From the line with "Ragusa, veglia di" to the line with "Operation flow diagram‚Q", retype each line exactly as it stands in the records below, but skip the pictures.

** The records follows **

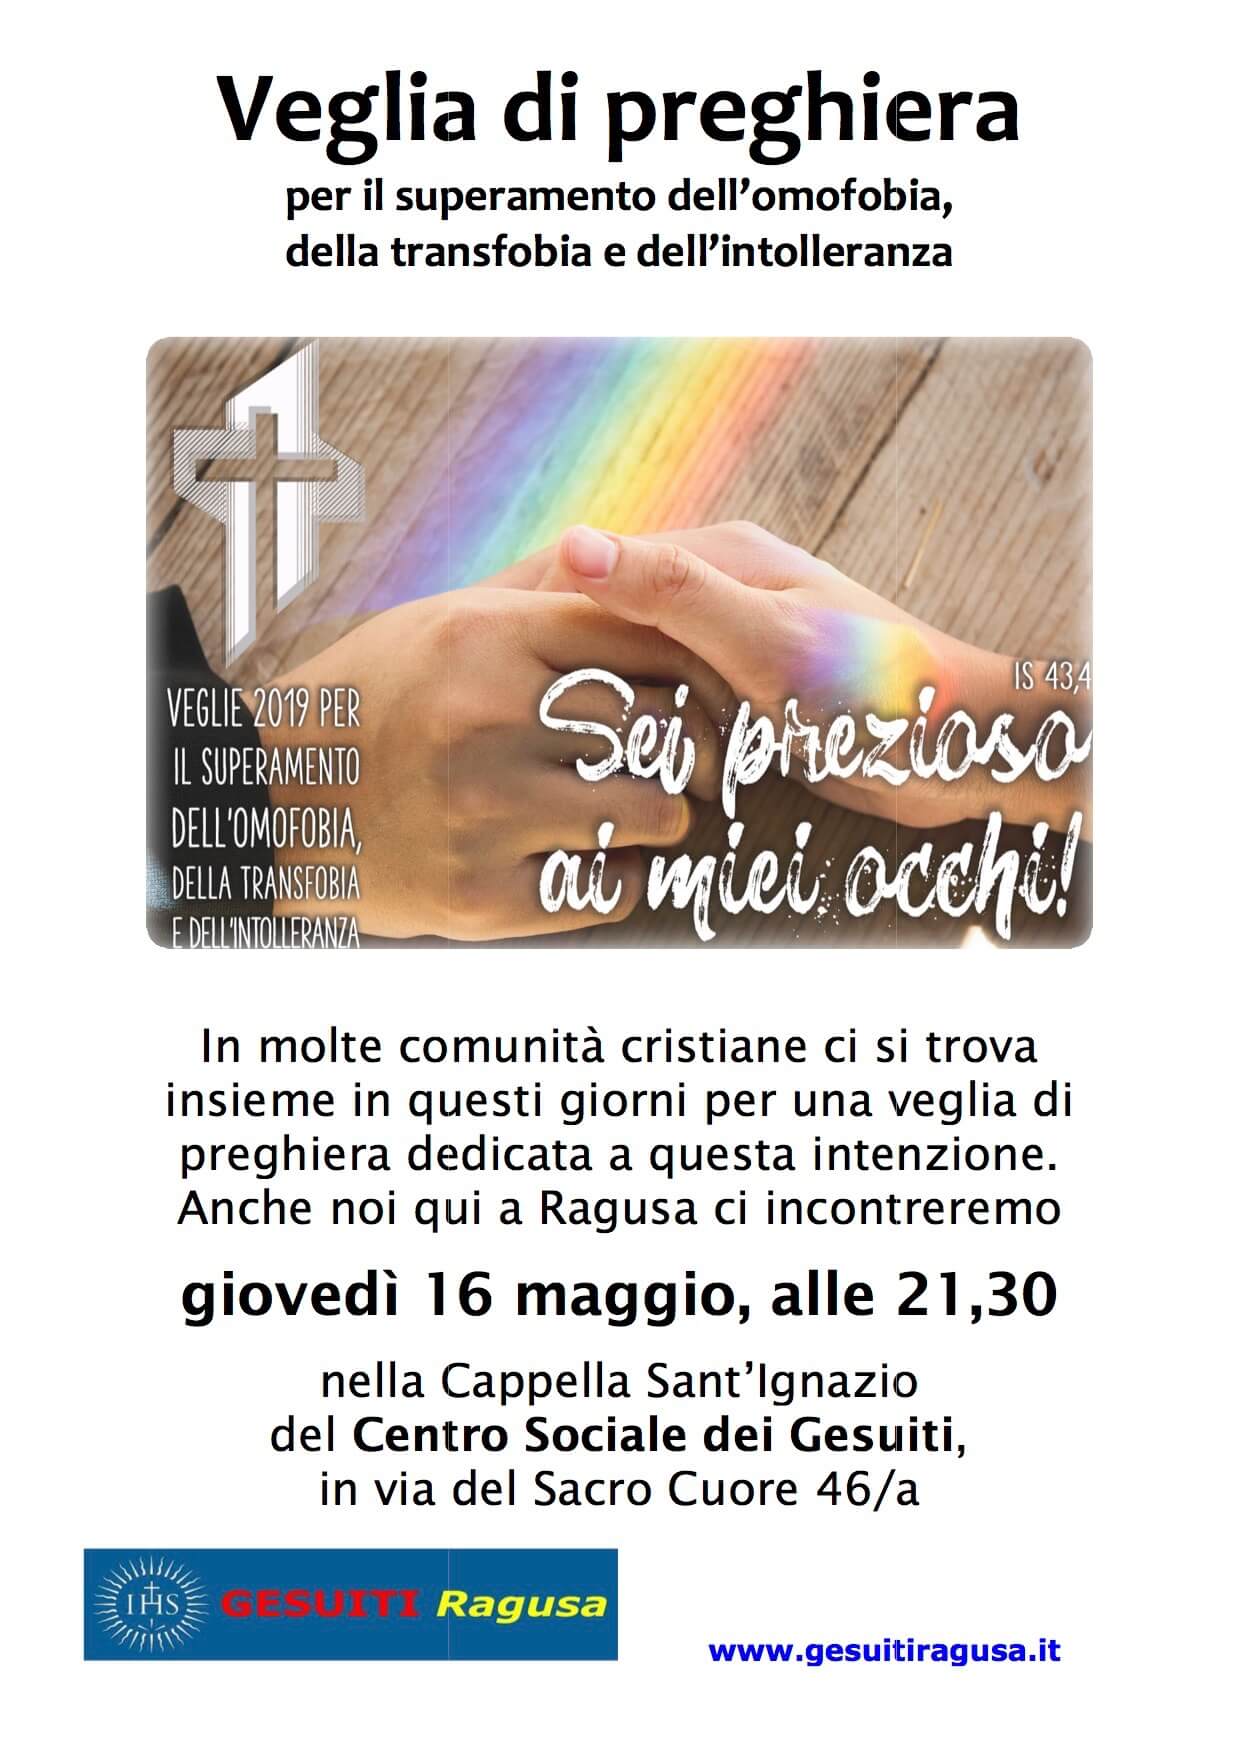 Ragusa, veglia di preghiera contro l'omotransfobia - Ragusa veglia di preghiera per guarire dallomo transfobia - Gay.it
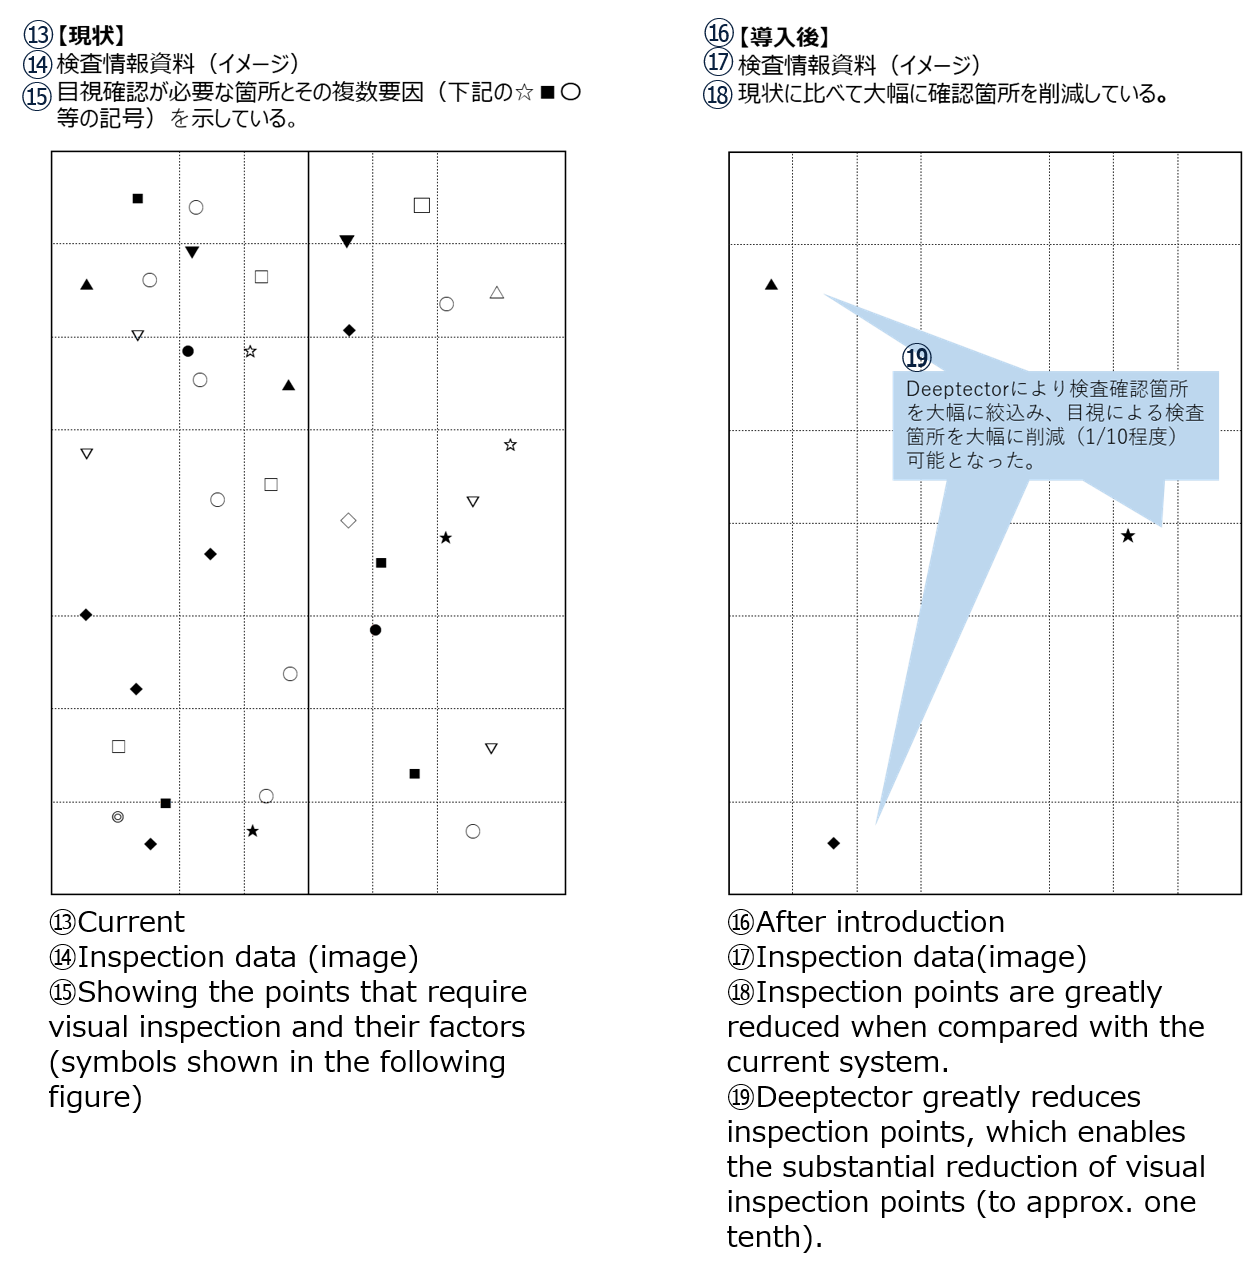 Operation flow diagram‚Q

** End of The records **
** The records follows **

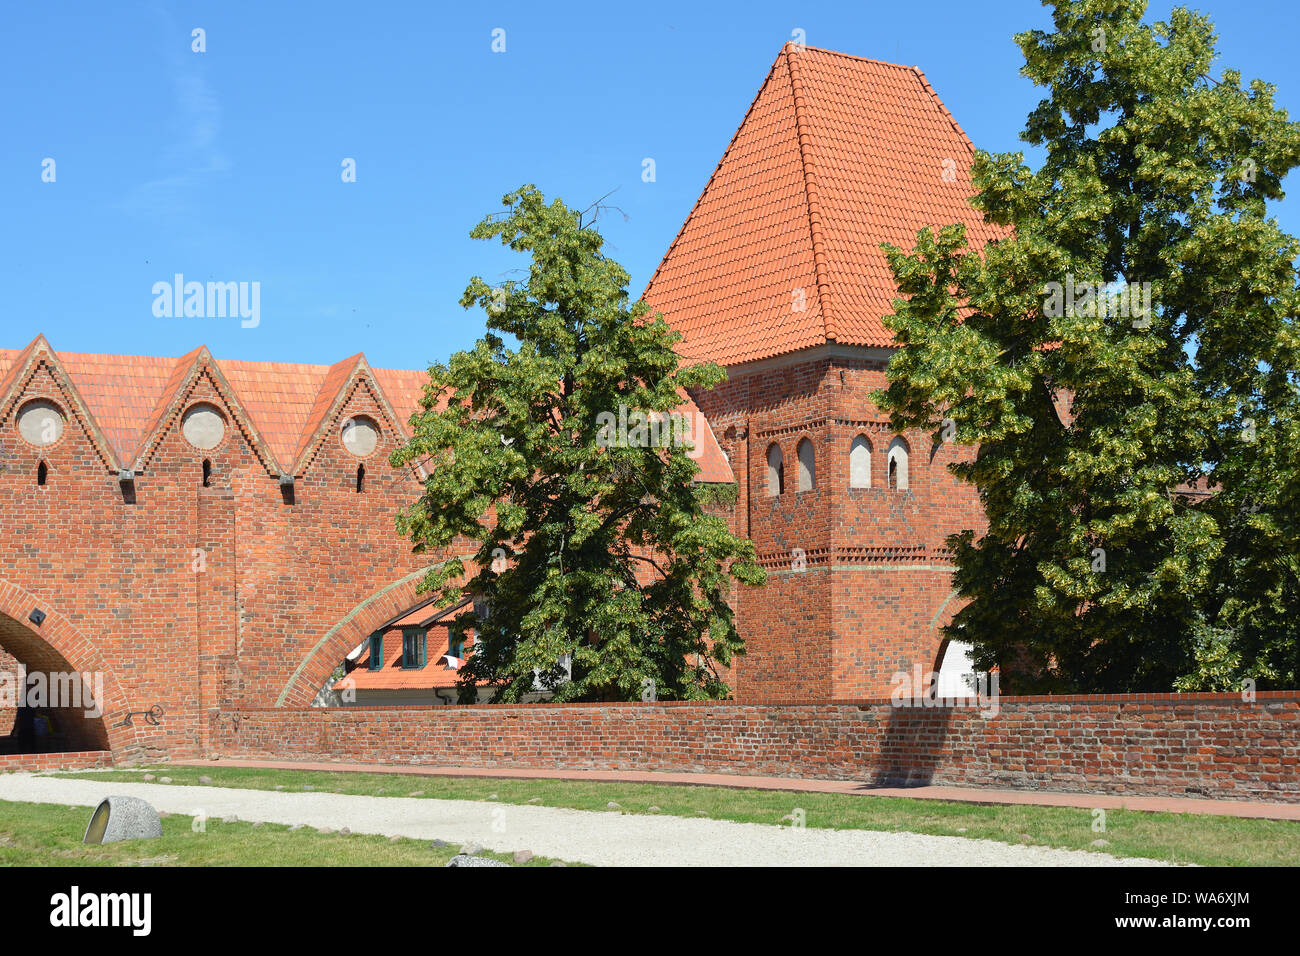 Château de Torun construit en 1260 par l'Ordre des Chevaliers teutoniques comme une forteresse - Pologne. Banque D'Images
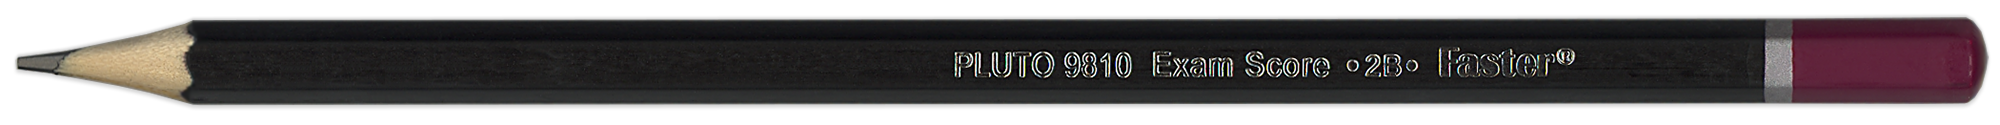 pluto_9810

** End of The records **

Output below:
 Ragusa, veglia di preghiera contro l'omotransfobia - Ragusa veglia di preghiera per guarire dallomo transfobia - Gay.it
 Operation flow diagram‚Q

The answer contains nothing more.